Many people believe that email is the scourge of our modern life and there is some truth to this but I do not believe that for many of us; especially of those in the middle management layers that this is the real scourge.

The real scourge is Online Diaries; generally Outlook but all are evil.

When I started my career all those years ago; I had part share in secretary who managed my diary, if you wanted to book a meeting with me, you would generally ask Audrey who would check that I was free and would apply common sense.

1) She would not accept a meeting booking when I was on leave.

2) She would not accept a meeting booking when I was already booked.

3) She would not accept a back-to-back meeting booking, especially in different buildings and would always make sure that I had time to get from one meeting to another.

4) She would generally ensure that I actually had time for a break and time to do some work during the day.

Unfortunately these days; even staff at my ‘exalted level’ do not warrant a secretary or PA and my diary is on line for all to see and so people feel happy to

1) Book meetings when I am on leave

2) Book meetings when I am already attending another meeting; I have an example this week when I am in six meetings simultaneously allegedly.

3)Book me solid for a whole day with no time eat, breath or think and seem to expect me to be able to teleport across campus.

4)Leave me no time to do any work

In fact meetings have proliferated to the extent that they are meaningless. Online diaries have made it easy to invite a cast of thousands; book even more meetings, book meetings at the last minute and generally destroy the working day of many.

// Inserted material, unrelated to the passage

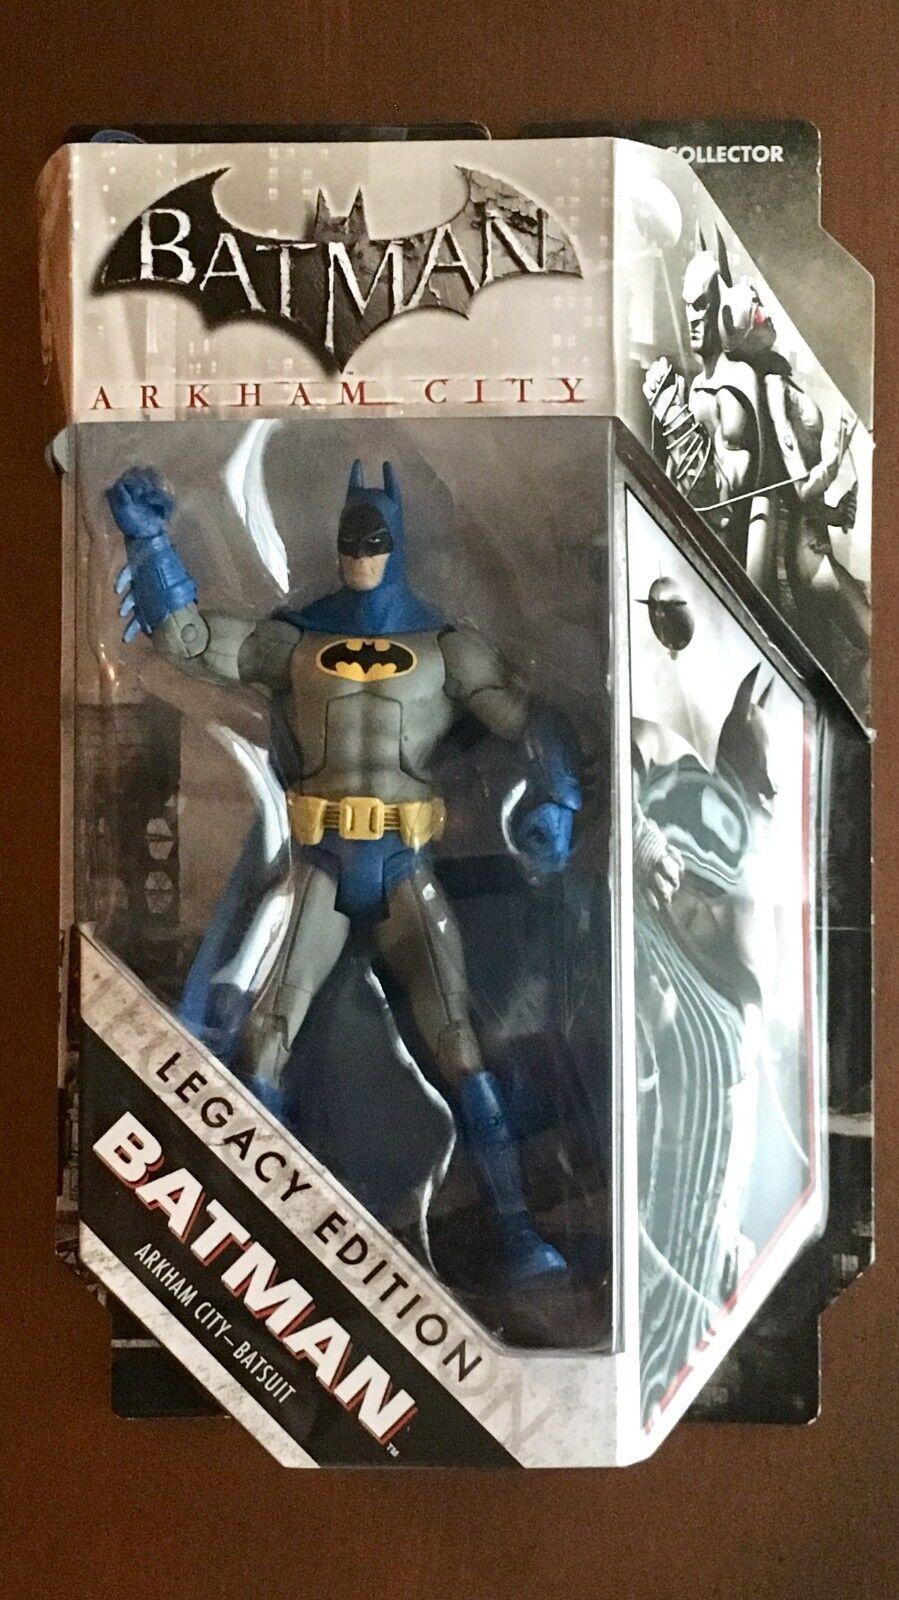 BRAND NEW DC Universe Batman Legacy Edition Batman Arkham City Batsuit Mattel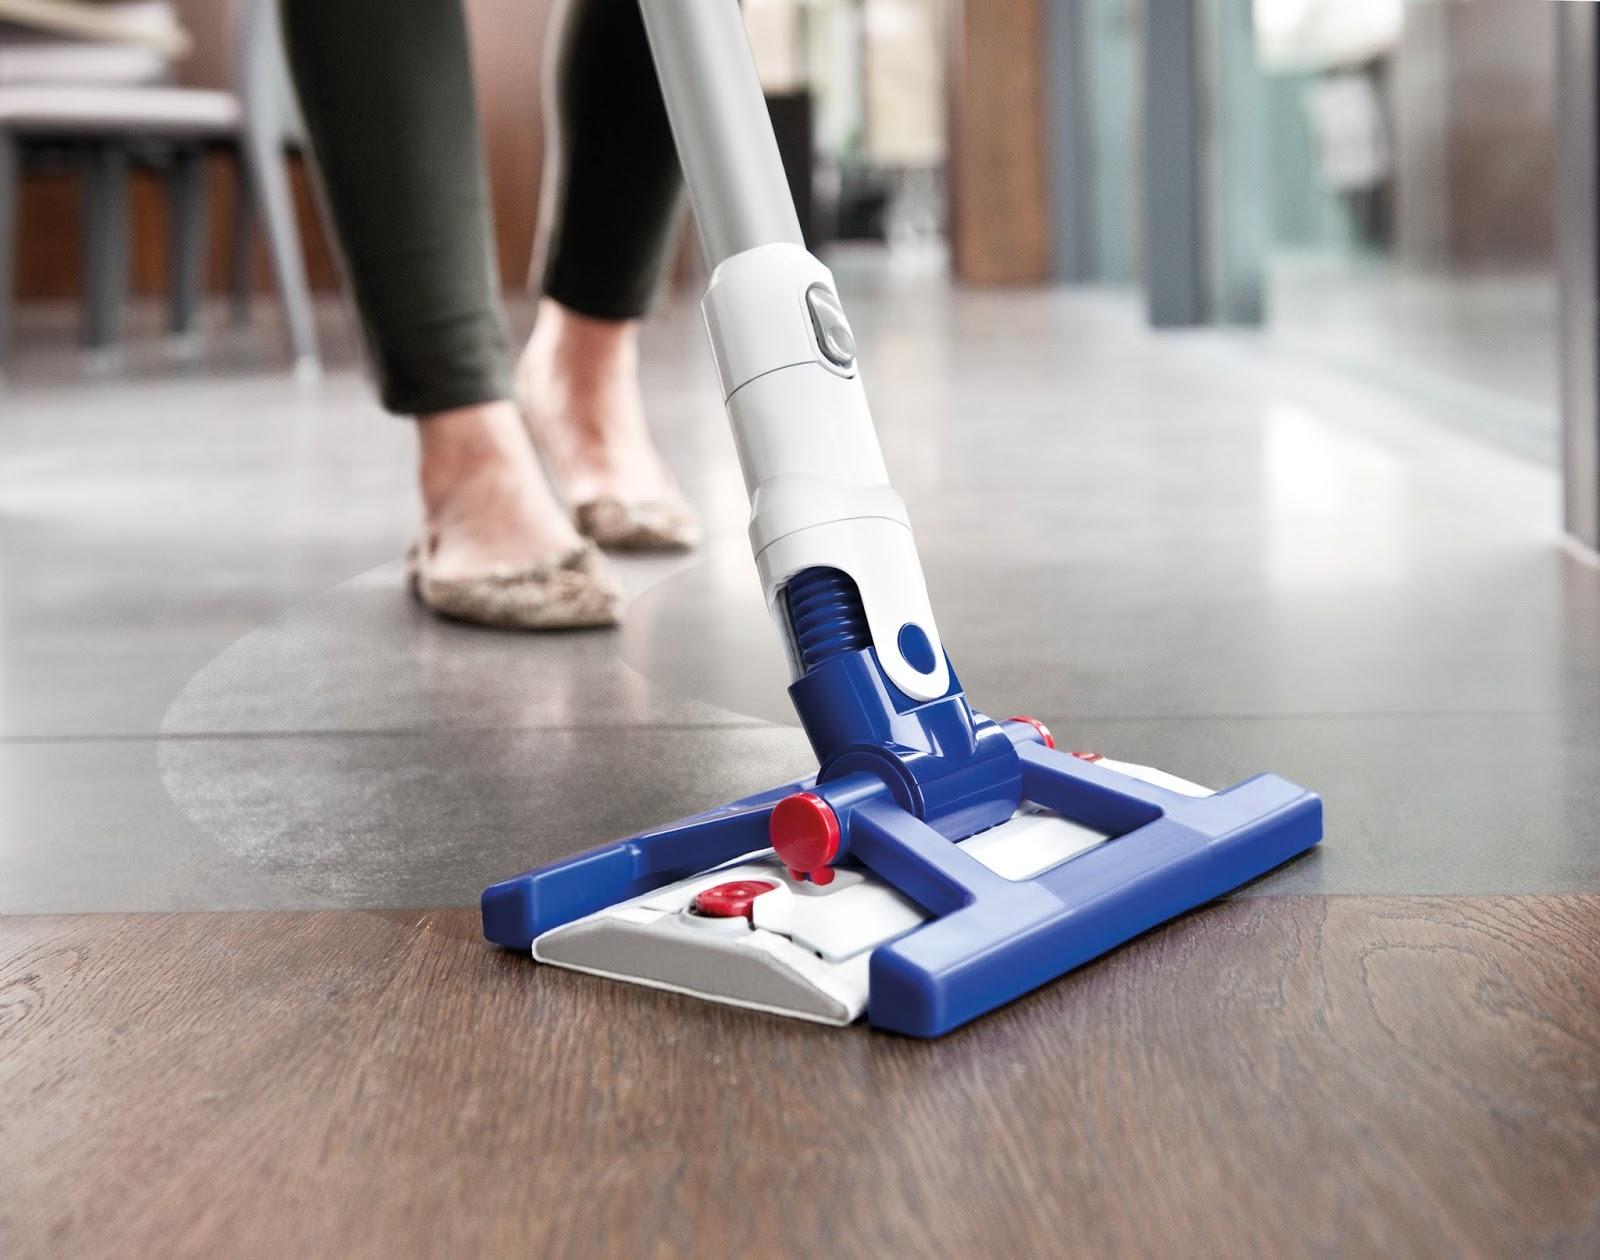 dyson floor cleaner

Meetings are now badly run with no agenda, no minutes and often over-run causing even more running about the campus. There are now so many meetings, that most places have a shortage of meeting rooms and hence meetings are now run in rest areas, canteens and anywhere else that can be found.

So it is not email that is the scourges; it is the modern meeting which is the true time-soak and scourge of many.


  1. gchapman says:

    I was booked for 6 hours yesterday. Two vendor meetings, 3 internal meetings. I had 10 minutes for lunch and maybe an hour to get “work” done. It’s gotten to the point where the only real work I can get done is after work.

    1. Martin Glassborow says:

      I am absolutely certain that the proliferation of meetings is one the major reasons for the length of hours many of us end up working. I don’t tend to count the time I spend on my email at home as working but really it is.

      Most meetings are completely unproductive and a great way of wasting many hours.

  2. Ed says:

    I would have to say my favourite is the daily lunchtime conference call. But I also dislike the “scatter shot” meeting – inviting everyone you can think of, and hoping someone appropriate will attend.

  3. I agree, meetings are generally poorly run, and unproductive in many cases. However, I do have some tips for those who “live by the calendar” like I do that seem to help.

    1. Don’t make your calendar available to be read by everyone. Just publish your fee/busy time so that people can find out when you’re available. If there are specific folks that need to be able to see the actual contents of your calendar, you can just make it available to them, but I try to make that list as short as possible.

    2. Book a reoccurring meeting at lunch time so you have time to eat every day. Sure, that doesn’t mean that people won’t TRY to book a meeting during lunch, but at least if all they can see is free/busy time they have to ask first.

    3. Add travel time to each of the meetings you accept and make sure you put it both before and after the meeting. This one is especially important for those of us who have to travel some distance between meetings. I know it’s tempting to accept that con-call while you’re in the car, but that should be the exception, not the rule.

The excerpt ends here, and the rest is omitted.